A resident and business owner in Dublin city centre said he was increasingly seeing groups of men showing up in his laneway to buy the yellow, round counterfeit benzodiazepine tablets associated with recent overdoses.

In July the Irish Prison Service issued its own urgent drug alert to all prisons after nitazenes were confirmed to be connected with several overdoses, one of which was fatal.

But nitazenes were not associated with the recent overdoses in Portlaoise Prison earlier this month, the HSE confirmed. The substance involved was identified to be clobromazolam, another new synthetic drug “never seen in Ireland before”.

“The situation at Portlaoise Prison recently is an example of how volatile the drug market is. New substances are appearing on the market and causing harm quickly,” Keenan said.

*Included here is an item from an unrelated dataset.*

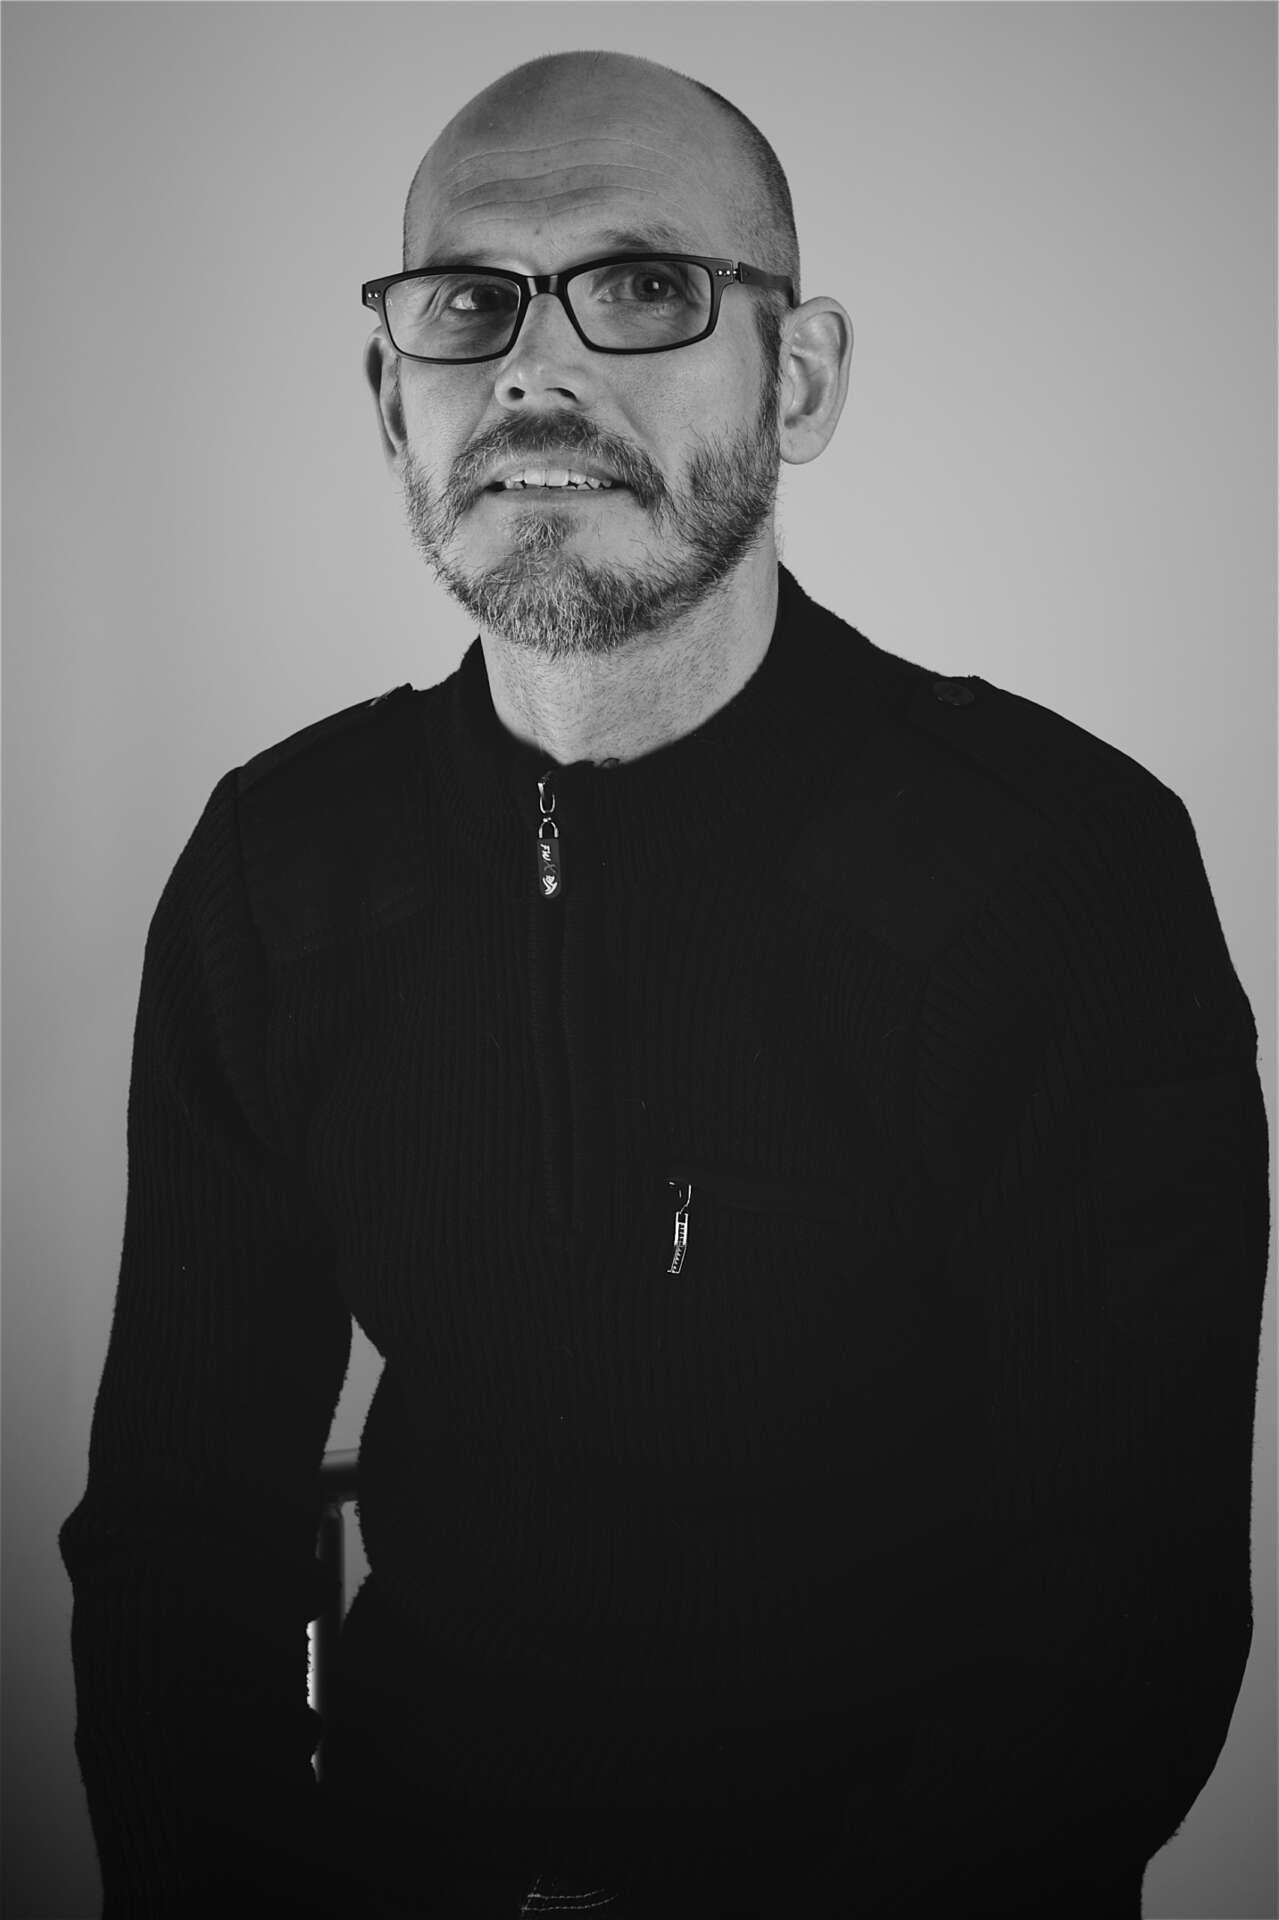 Niklas Wiberg

The good news is that naloxone, a prescription-only medication used as an antidote to temporarily reverse the effects of opioid drugs, works for treating overdoses from nitazenes.

The HSE is encouraging homeless agencies and other organisations to register so they can stock and use the medication in the event of overdoses, and the hope is that gardaí can soon carry it as well.

“The awareness messaging is working, but I think this is going to be an ongoing problem we’re facing over the next while,” Prof Keenan said.